The participating publishers will deploy this workflow for approximately 50 journals where CSIRO output has been published recently. Journals were identified specifically for their relevance to research teams using ATNF and MNF during the past two years. Included are journals of the American Astronomical Society, American Geophysical Union, Royal Astronomical Society, and many other learned societies, which are supported by the participating partners. Ideally, once developed, this infrastructure and workflow will support tracking research facilities around the world by all types of research funders. As the pilot progresses, regular updates of its results will be provided by the team.

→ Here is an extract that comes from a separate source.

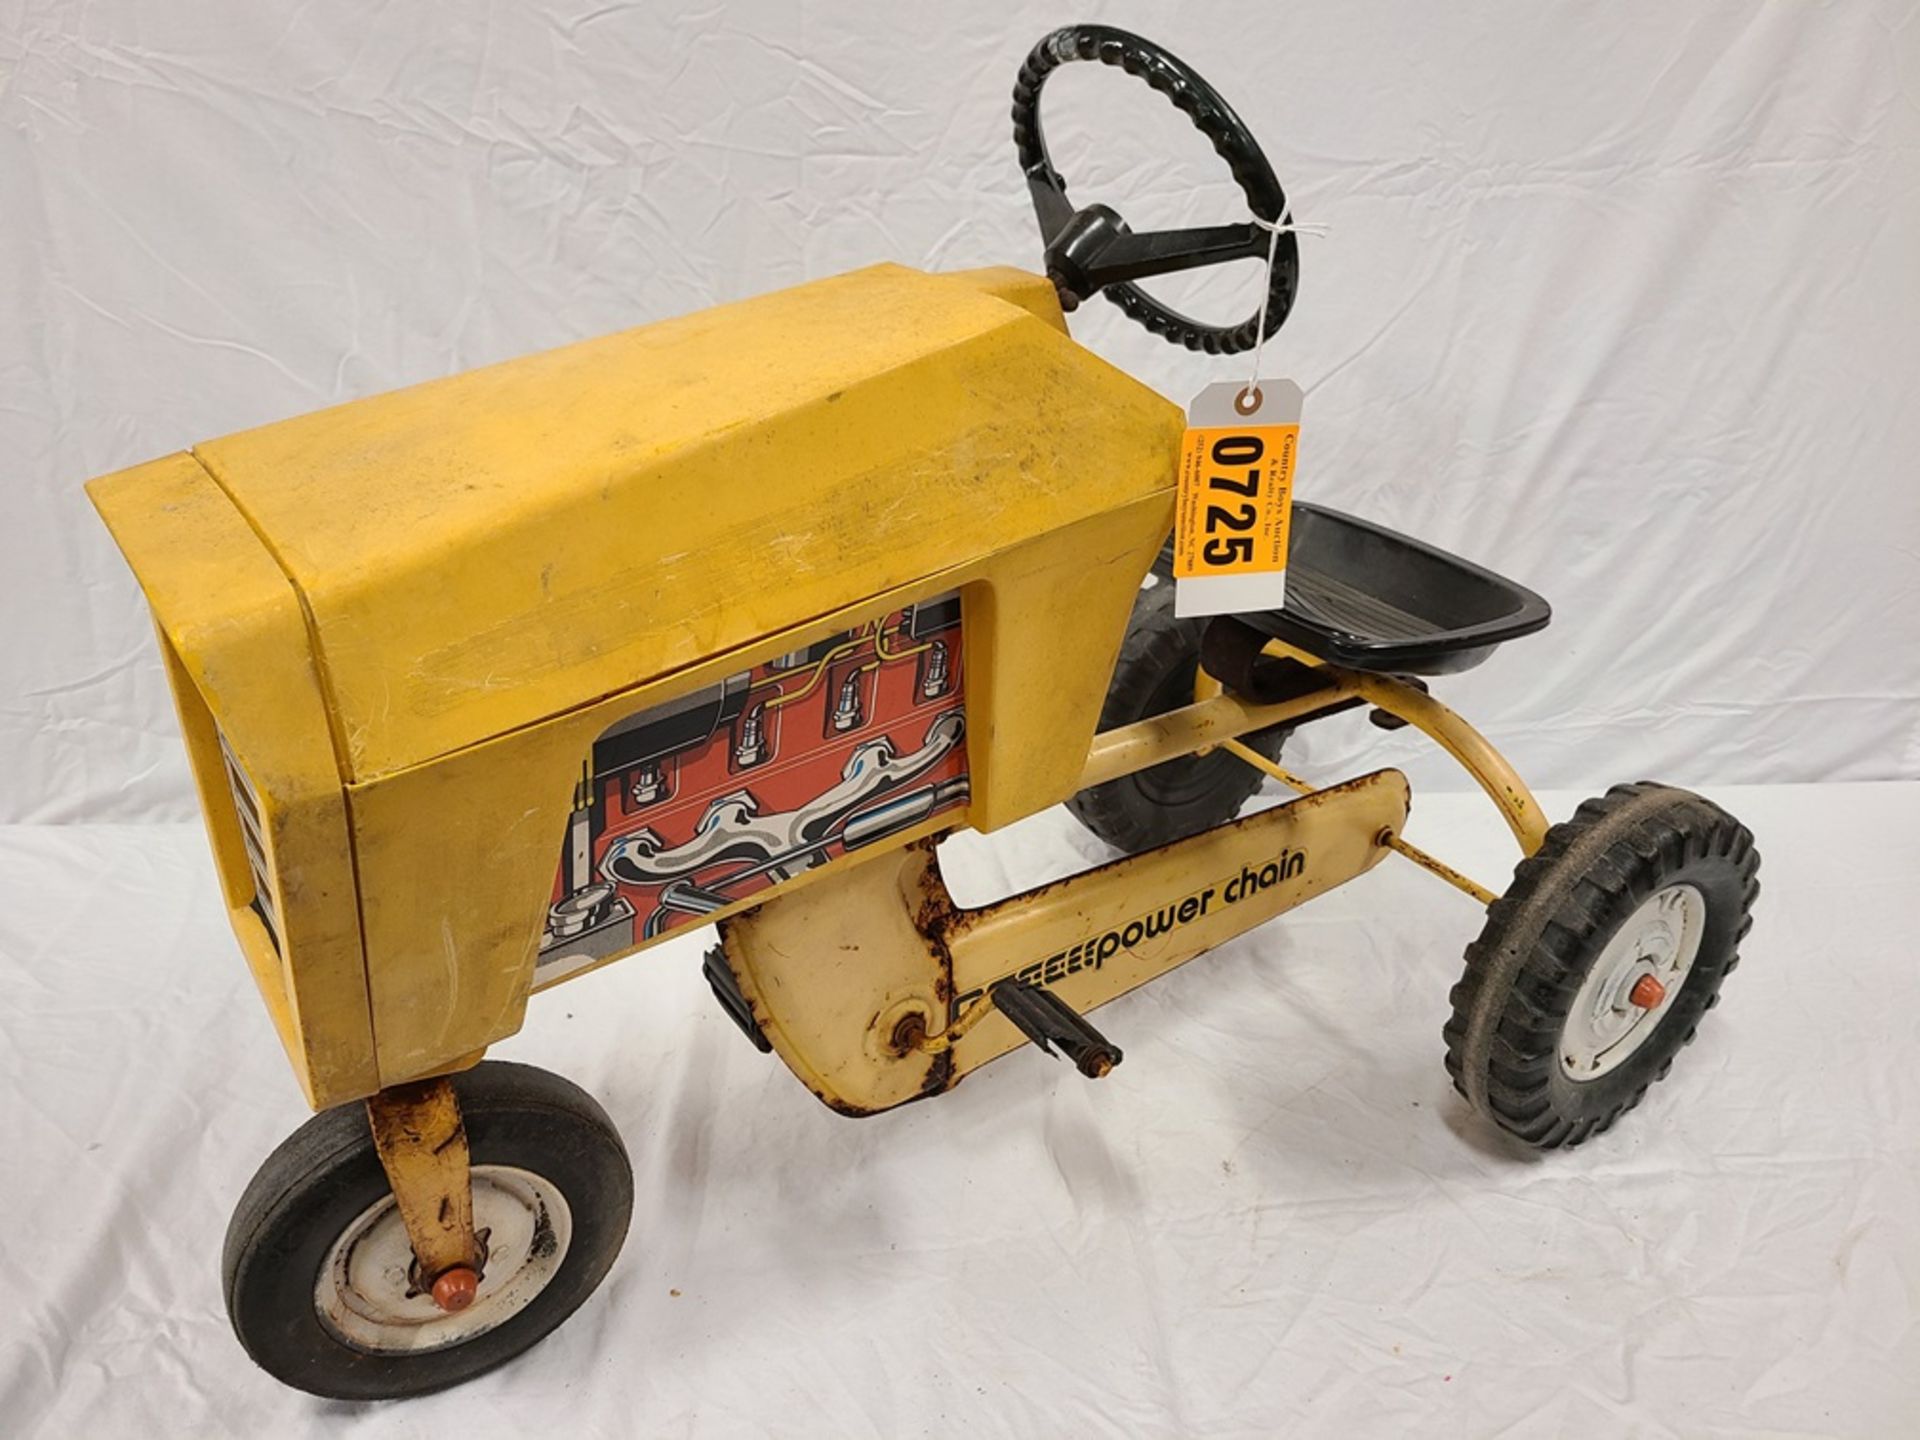 yellow "Tractor" tricycle pedal tractor (metal/plastic)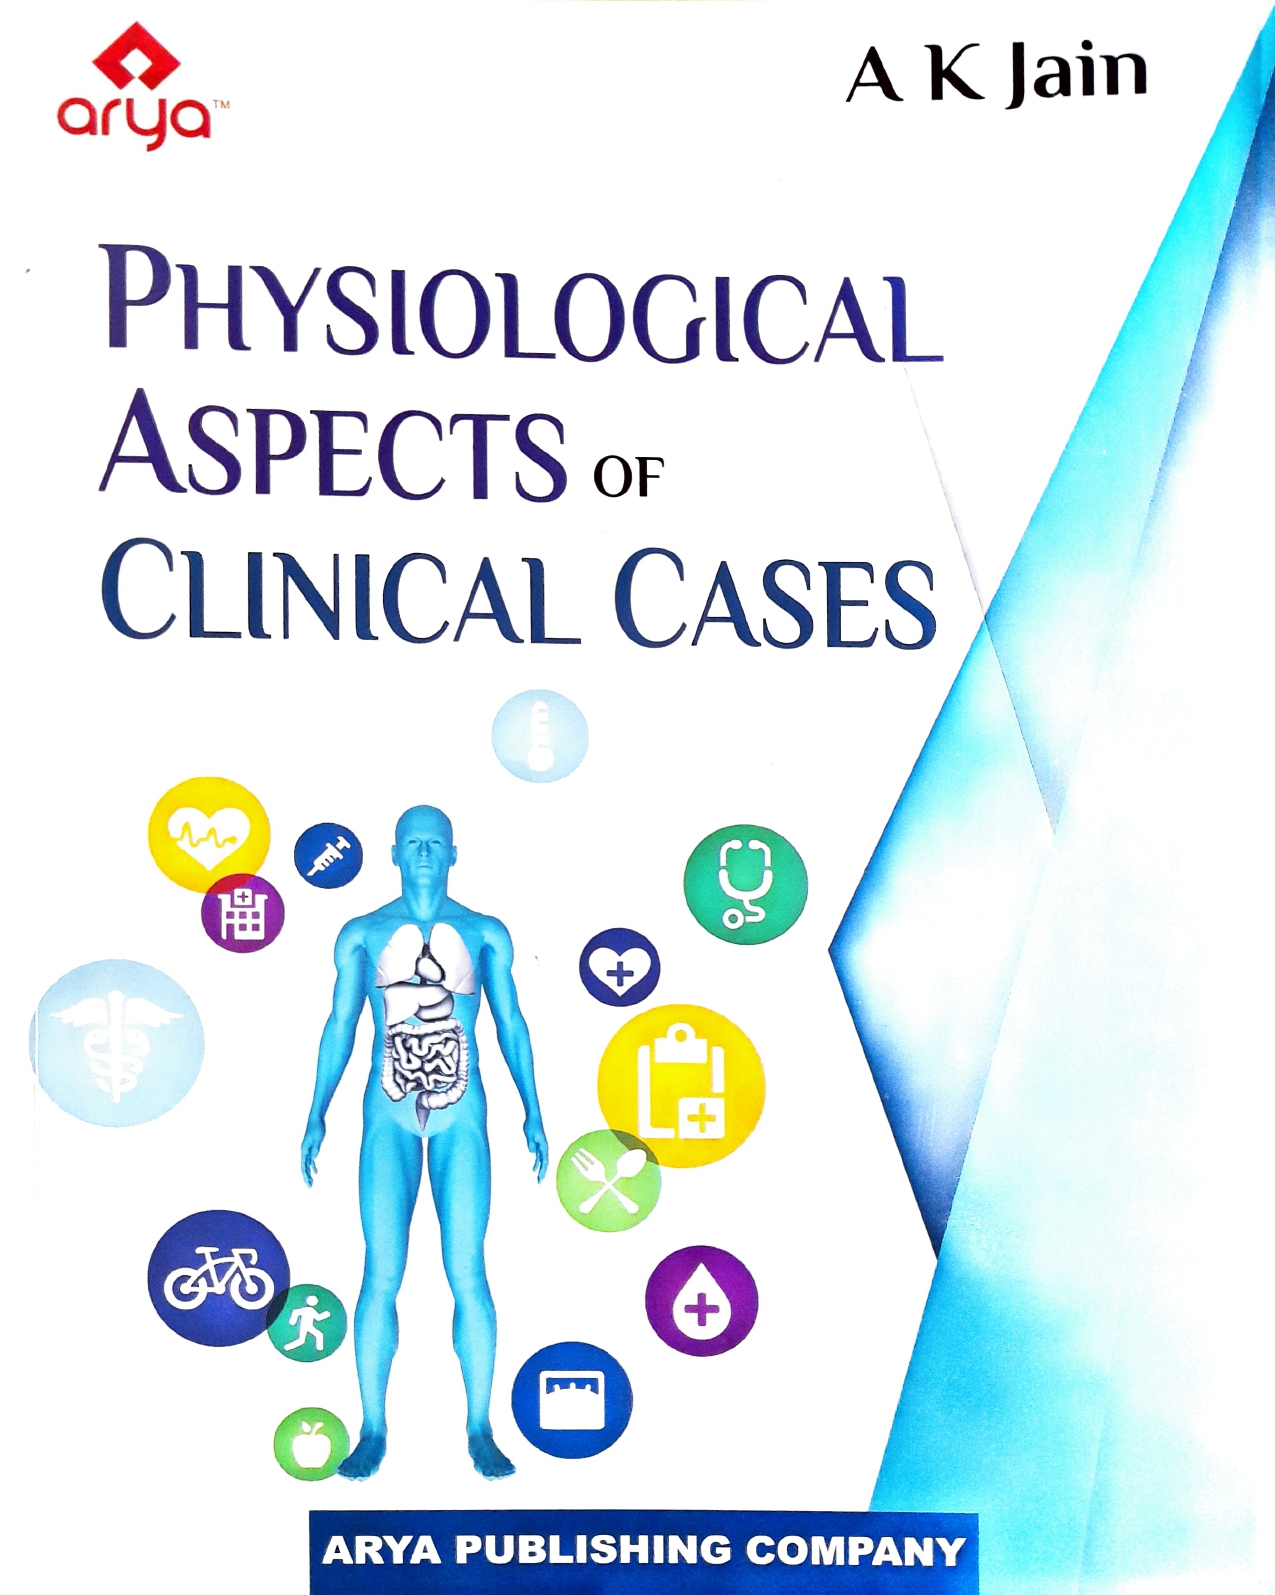 PHYSIOLOGICAL ASPECTS OF CLINICAL CASES

A lot has been written over the past couple of years about the value of the infrastructure of persistent identifiers (PIDs). A growing pool of research has shown that their adoption can improve discovery and reduce administrative burden on researchers, save them time, and thereby reduce overall costs. Last fall, Phill Jones and Alice Meadows further synthesized this point as they described the value of the investments in PIDs in a Scholarly Kitchen post. Work to improve this infrastructure in the US and around the world is ongoing. This pilot is a concrete example of the opportunities that are possible based on a robust PID infrastructure. Ideally, when completed it can be another illustration of how PIDs and their associated metadata infrastructure can be used to improve tracking of research outputs and ultimately improve research itself.
Discussion
2 Thoughts on "Tracking Research Facilities in Science: A CSIRO/CHORUS Pilot Sets Sail"
A very good and contextual description of the need and value of PID’s and other metadata.
Looking forward to reading more about this as the pilot progresses. It’s good to see buy-in from some of the more prominent names in publishing on the importance and value of consistent and persistent PIDs.